2 ... Fitting device 4 ... Front camera 6 ... Upper camera 8 ... Sensor 10 ... Control device 12 ... Information processing device 14 ... Light emitter 16 ... Light receiver 18 ..Information input unit 20 ... Keyboard 22 ... Mouse 24 ... Display 26 ... Interface board 28 ... Memory 30 ... CPU
32 ... Hard disk 34 ... Ball 36 ... Golf club 38 ... Head 40 ... Shaft 42 ... Grip 44 ... Swing analyzer 46 ... Control device 48 ... Information processing Device 50 ... first support point 52 ... second support point 54 ... support 56 ... support

Claims (24)

Using a plurality of golf clubs having different shaft physical property values, preparing a relationship C1 that takes into account the face angle and the hit ball result before or at the time of ball impact when a plurality of golfers swing;
A test subject (golfer) hits a test club to obtain a face angle measurement result;
Determining a shaft physical property suitable for the subject based on the relationship C1 and the measurement result of the face angle;
For fitting a golf club including   The fitting method according to claim 1, wherein the relation C1 is a relational expression F1.   When the relational expression between the hit ball result and the face angle is F11, and the relational expression between the face angle and the shaft physical property is F12, the relational expression F1 is created using the relational expression F11. The fitting method according to claim 2, wherein the relational expression is F12.   4. The fitting method according to claim 3, wherein the relational expression F12 is a relational expression such that the recommended shaft condition becomes the leading condition as the measured face angle increases.   The fitting method according to claim 3 or 4, wherein a preferable hitting result in the standard shaft condition Th is reflected in the relational expression F12.   6. The fitting method according to claim 3, wherein two or more hitting results are considered in the relational expression F12.   The fitting method according to claim 6, wherein the relational expression F12 is created by correcting the relational expression based on the first hitting result based on the second hitting result. Correction based on the second hit result is
The fitting method according to claim 7, wherein the second hitting result is corrected in a standard shaft tone Th. The first hit result is the direction of the hit ball,
The fitting method according to claim 7 or 8, wherein the second hitting result is a flight distance. In the above relational expression F12,
The measured face angle is the first input variable,
A value indicating the relationship between the shaft tone rate of the test club and the standard shaft tone Th is set as a second input variable.

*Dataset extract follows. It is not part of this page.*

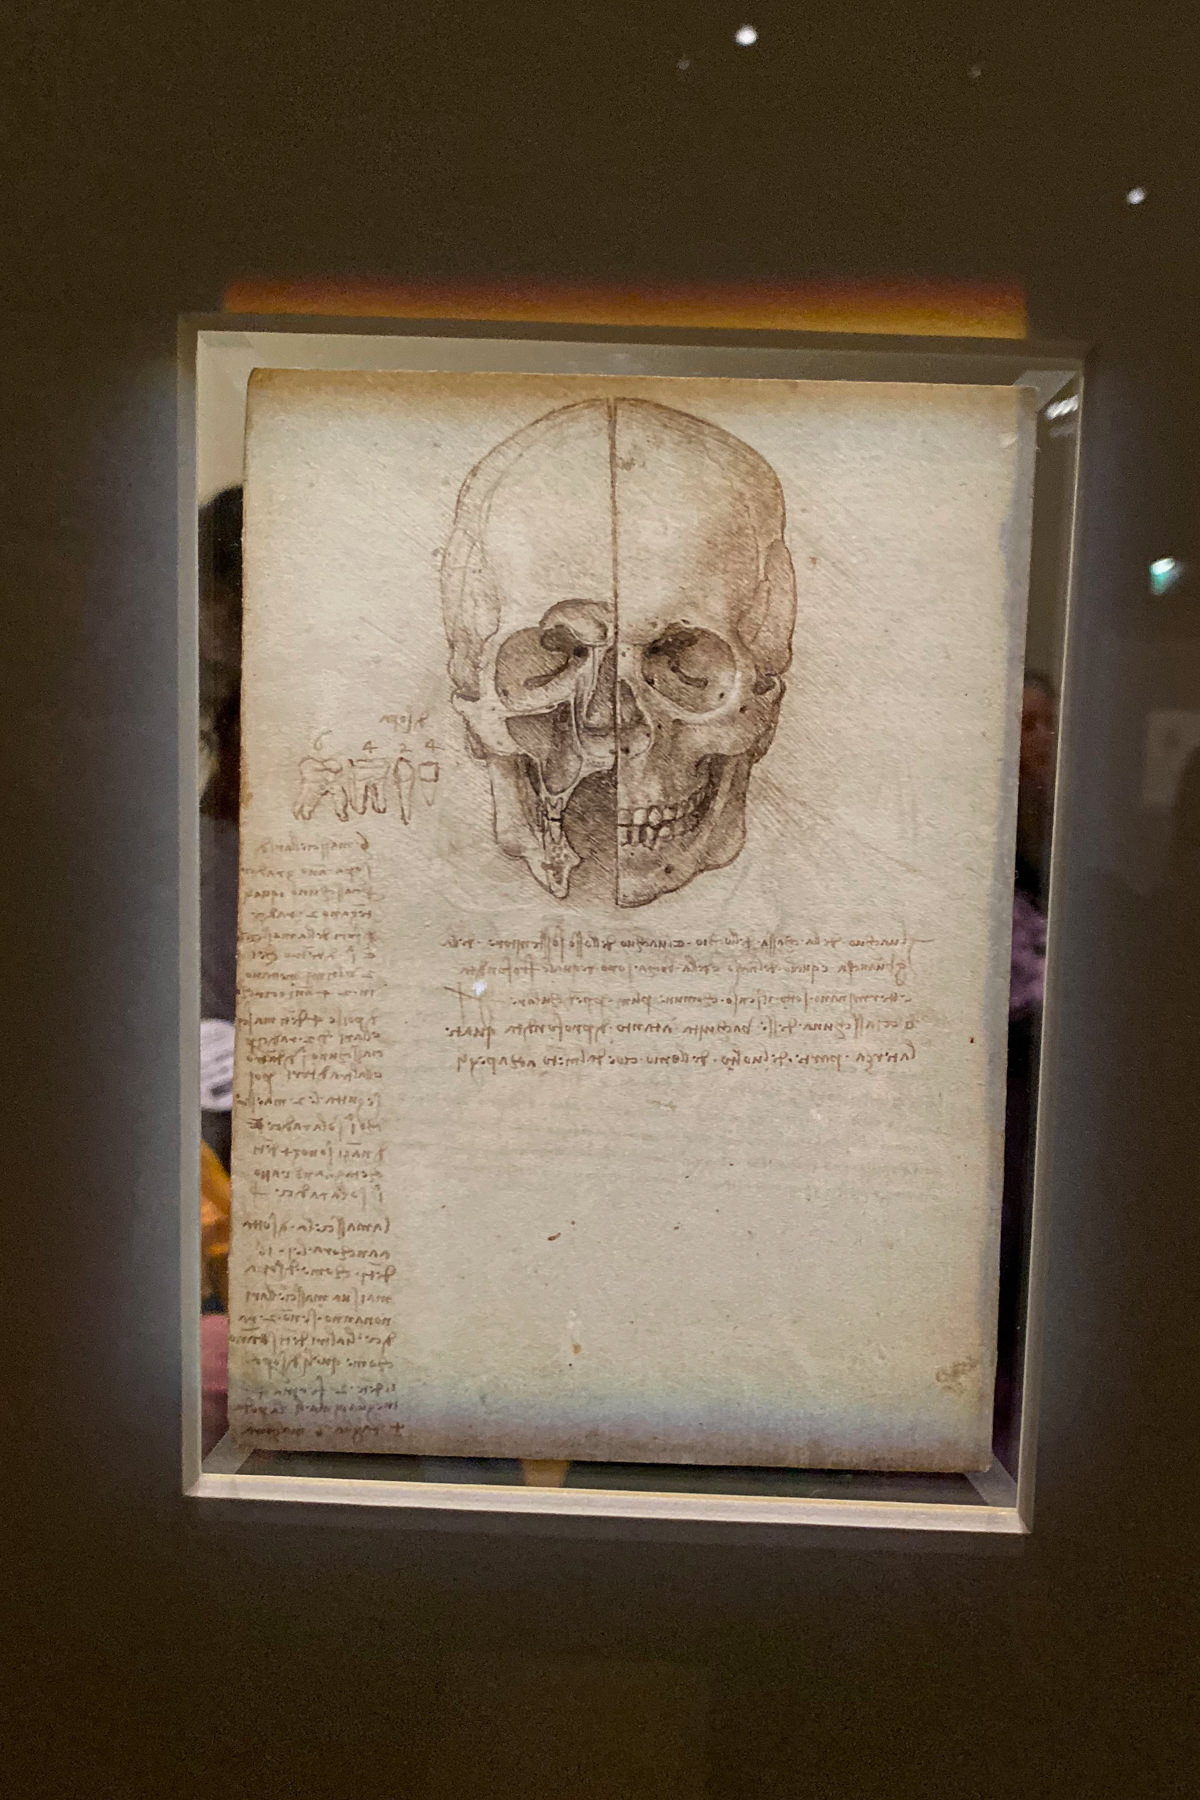 Leonardo da Vinci Exhibition in the Louvre Museum: The Skull

The fitting method according to claim 3, wherein the shaft tone rate suitable for the subject is a result variable.   The fitting method according to claim 1, wherein the shaft physical property is a condition of the shaft.   12. The fitting method according to claim 3, wherein the relational expression F11 and / or the relational expression F12 is a linear expression.   The fitting method according to any one of claims 3 to 10, wherein the hitting result in the relational expression F11 is a left-right direction in which the ball flies. Using a plurality of golf clubs having different shaft physical property values, a step of obtaining measurement data and hitting results of a plurality of golfers;
A step of obtaining a feature value based on the measurement data;
A step of determining an index for selecting a golf club shaft from the characteristic value and the hitting result;
A step of obtaining a relational expression F1 between the index and the hitting result for each value of the shaft physical property;
A test subject (golfer) hits the test club and obtains a measurement result corresponding to this index;
Determining a shaft physical property suitable for the subject based on the relational expression F1 and the measurement result;
Contains
In the step where the plurality of measurement data and the hitting result are acquired,
Multiple measurement data are obtained from the golfer's swing and the hit ball of this swing.
In the step where this metric is determined,
When this hitting result is an objective variable, this feature value and this shaft physical property value are explanatory variables, and when this feature value has a statistically significant relationship with this hitting result, this feature value is included in this index. The determined golf club fitting method. In the step where the above metrics are determined, multiple metrics are determined,
A step of calculating a correct answer rate of the value of the shaft physical property obtained from the plurality of indices,
And a step of selecting an index used for fitting the golf club based on the accuracy rate.
In the step of calculating the accuracy rate of the shaft physical property value,
A suitable shaft value Xa is selected based on the relational expression F1 between this index and the hitting result,
A suitable shaft value Xb is obtained based on the value of the hitting result obtained from the swing,
A ratio of golfers in which the value Xa and the value Xb coincide with each other is calculated, and this ratio is a correct answer rate.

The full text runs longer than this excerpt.